Love and Thunder also is another massive strike against Disney’s new fetish for the Volume, a gigantic curved LED screen used to create photorealistic backdrops without the need for extensive set-building or real-world locations. It was a fairly big deal when announced online that Love and Thunder would be one of the first Marvel films to use the new CGI-backdrop technology pioneered by LucasFilm for The Mandalorian, but frankly, it continues to prove that the utility is visually limited in larger-scale productions. It looked lousy in most of Obi-Wan Kenobi, and it continues to look flat here. Marvel Studios has always used green-screen technology liberally, but in their better movies, they disguise it or tell stories so engaging it just doesn’t matter.

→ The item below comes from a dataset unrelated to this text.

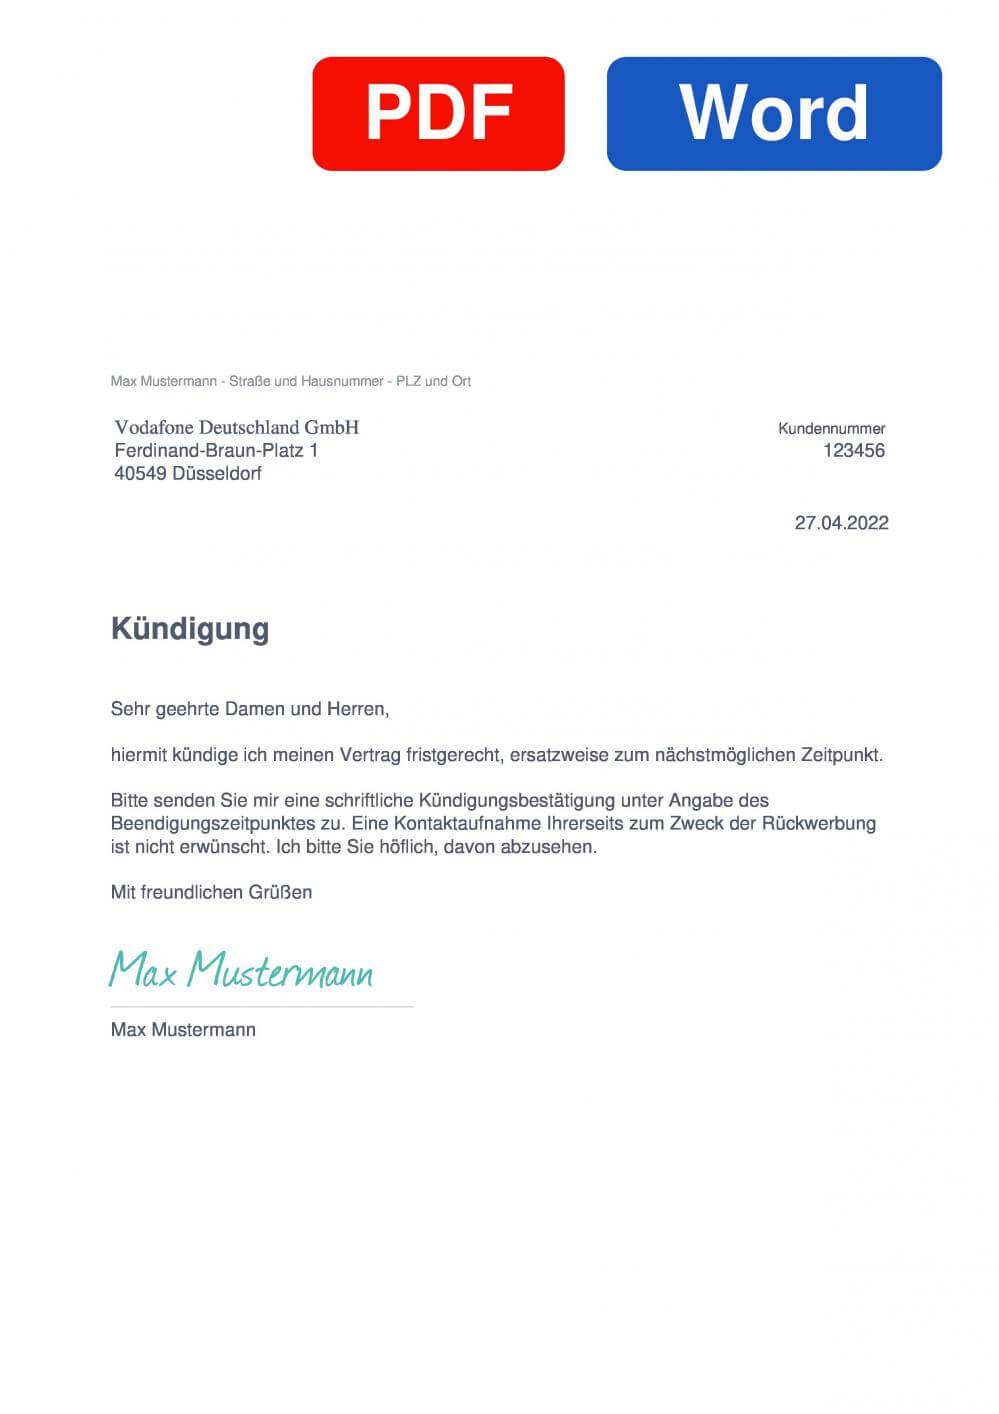 Unitymedia Muster Vorlage für Kündigungsschreiben
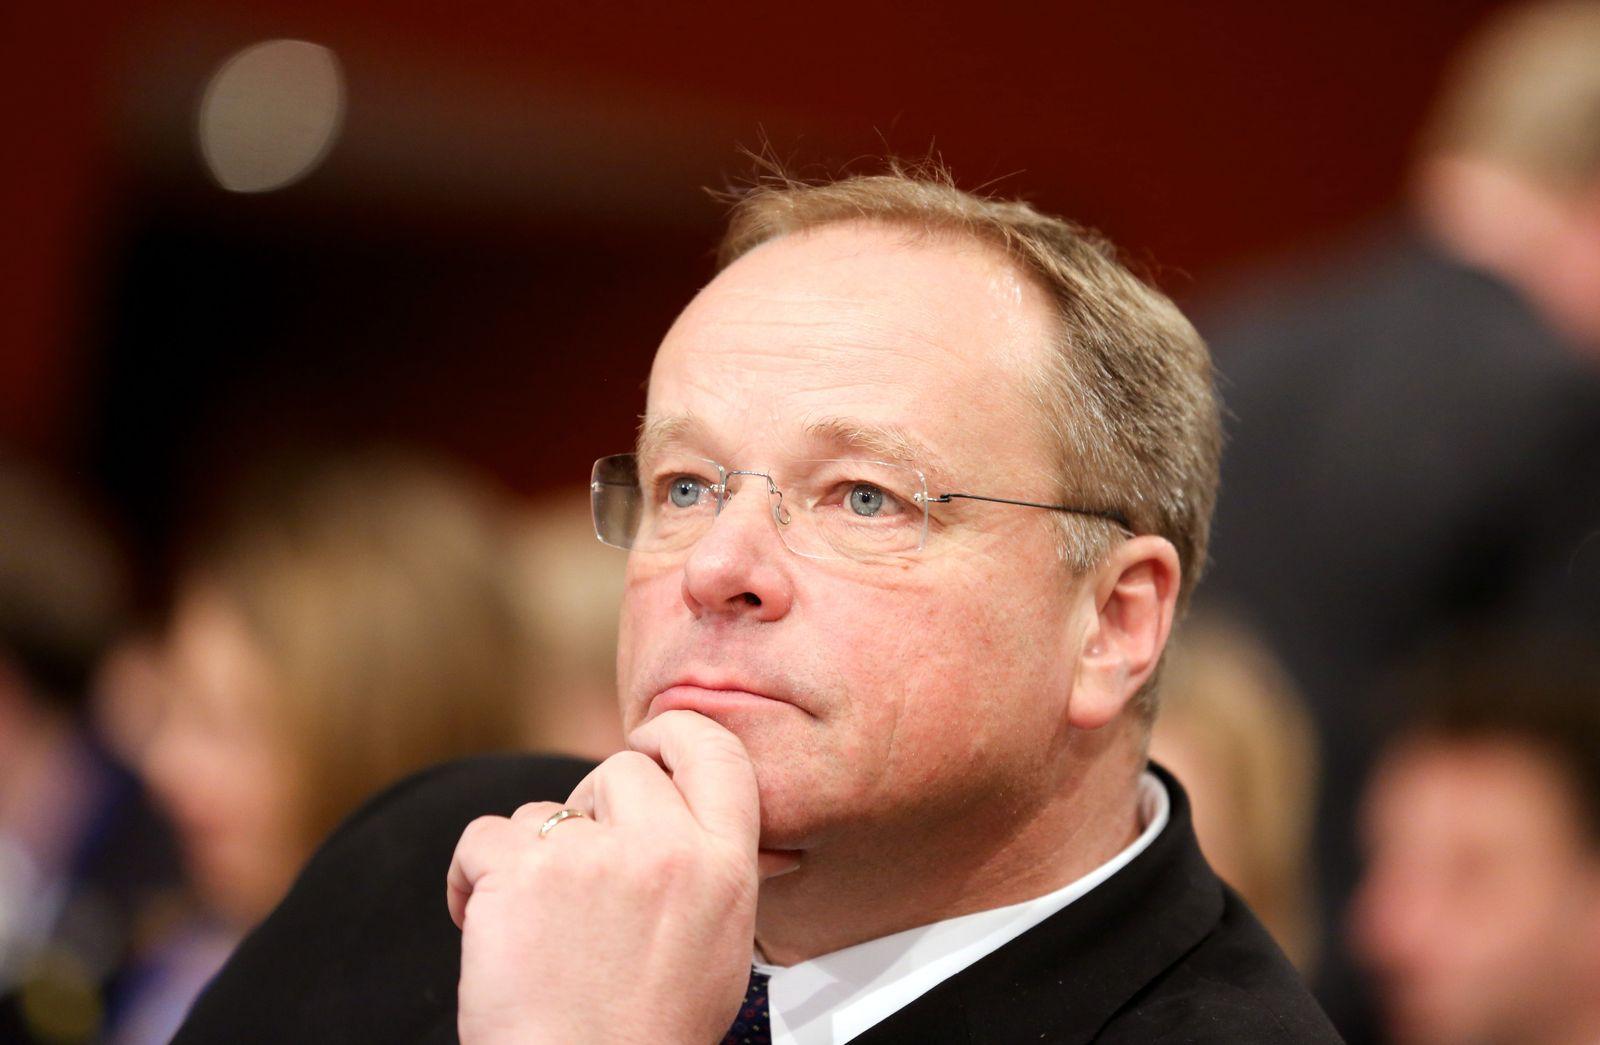 Seitenwechsler/ Dirk Niebel

It’s noticeable throughout Love and Thunder in a bad way. Also noticeable is the score, a distinct downgrade from Mark Mothersbaugh on Ragnarok to Michael Giacchino pumping something out on this one.
It’s hard not to compare Love and Thunder to Ragnarok. Maybe it’s unfair because they’re aiming for different goals, but frankly, this one just isn’t as fun, fleet or fabulous, and what it has to offer instead isn’t up to par. Marvel has still put out some decent films in the years since Avengers: Endgame (and some really exciting Disney+ shows), but the stretch of time during Phase 3 where each new movie felt like a new vision seems long gone. Thor: Love and Thunder has a lot of great ideas, some surprisingly brave, but never figures out how to tell the story around them. It’s a shame.